Sie hielt sich die Hand vor den Mund, dem trotzdem ein kurzer, greller Laut entfuhr, bevor sie den Brief mehrmals hintereinander küsste. Jay schaltete den Rasenmäher ab, die Nachbarin gegenüber öffnete das Küchenfenster. Lucy blickte Jay entgeistert an. Sie wollte etwas sagen, presste aber bloß den Brief an sich.
Das –
Außer Atem stand sie vor ihm, sie war gelaufen, wann hatte er sie zum letzten Mal laufen gesehen?, fuchtelte mit dem Brief vor seinen Augen herum –
Ich –
Sie nahm seinen Kopf in die Hände, zog Jay an sich und küsste ihn schmatzend auf den Mund. Sie hatte Tränen in den Augen. Als er etwas sagen wollte, reichte sie ihm den Brief. Er war übersät von roten Kussmündern.
Er war längst Präsident, als er sich immer wieder jenen Moment vorzustellen versuchte, in dem Lucy hinter seinem Rücken die Bewerbung abgeschickt hatte. Es war, wie sie behauptete, das erste und einzige Mal, dass sie ihn hintergangen hatte.
Wie oft hatte Jay Immer zu hören bekommen, er sehe diesem Schauspieler so verblüffend ähnlich. Diesem Gewerkschaftschef der Schauspielervereinigung. Diesem Werbemaskottchen von General Electric. Diesem Gouverneur von Kalifornien. Diesem Präsidentschaftskandidaten der Republikaner. Dem neuen Präsidenten.

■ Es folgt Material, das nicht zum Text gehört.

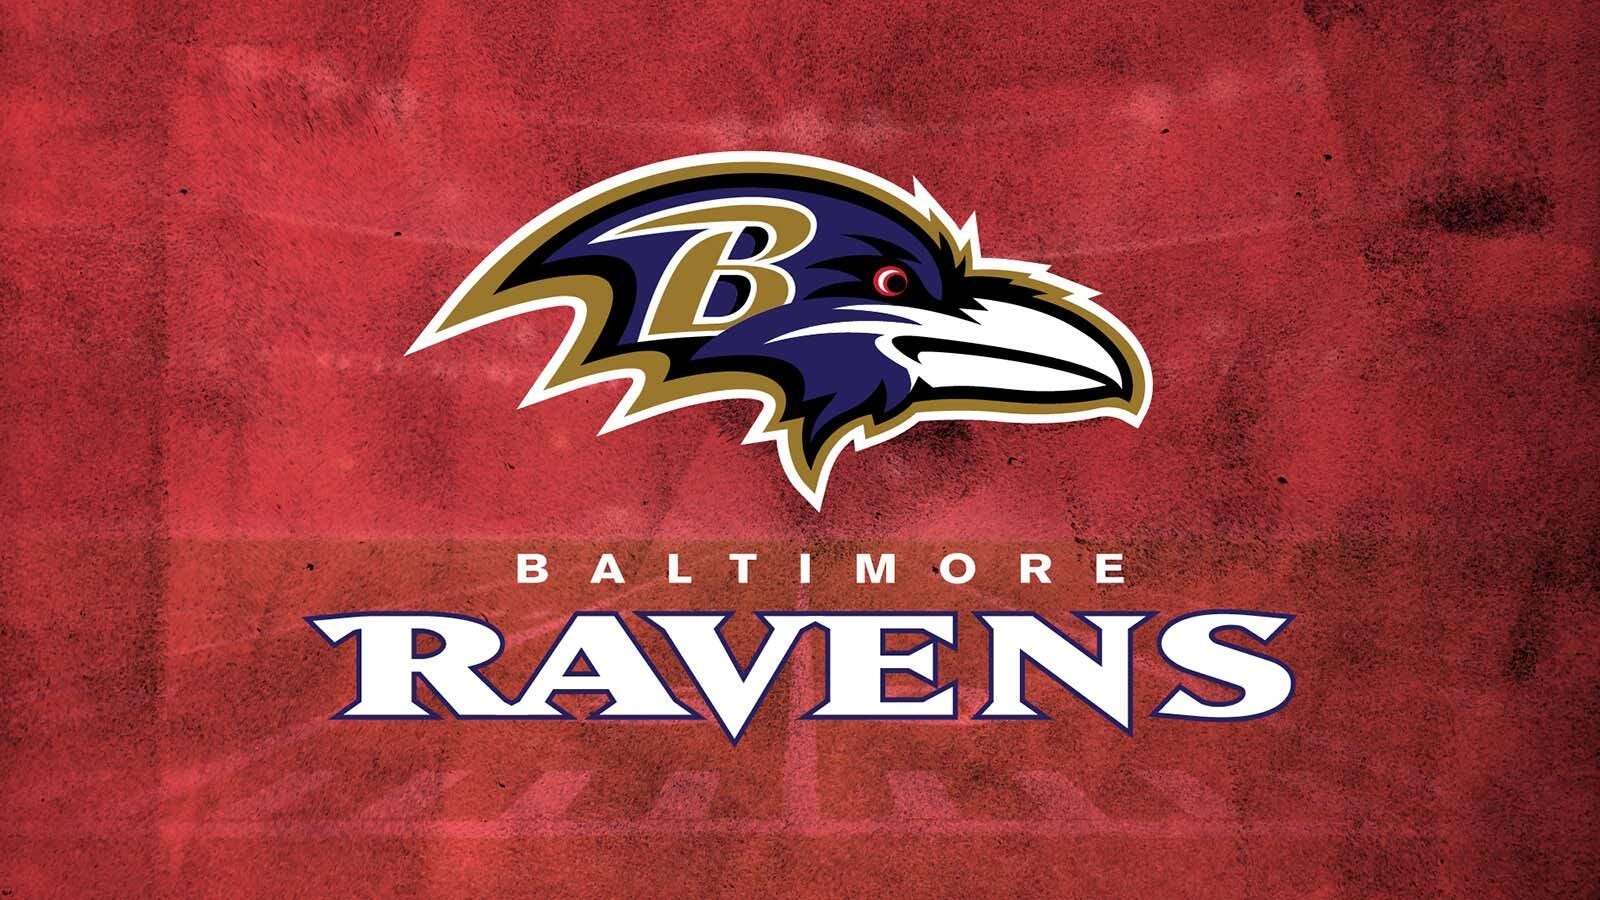 what channel do the ravens play

Aber Jay war fünfzehn Jahre jünger! Fünf-zehn Jahre!
Einerseits fühlte er sich geschmeichelt. Ronald Reagan sah fabelhaft aus, die Frauen himmelten ihn an. Er war immer der Gute, der einfache Amerikaner mit dem Herz am rechten Fleck, der nie zu viel sagte, aber immer strahlte dabei. Dessen blendende Laune alle anderen blendete. Dessen Lachen ansteckend war. Andererseits ging es Jay auf die Nerven, ständig mit einem anderen verglichen zu werden. Die Augen: auf jeden Fall! Der Mund: sowieso! Die Haare, wenn er sie bloß anders trüge: klar! Die Nase: etwas mehr nach unten, aber doch! Nur die Zähne: nicht weiß und nicht gerade genug.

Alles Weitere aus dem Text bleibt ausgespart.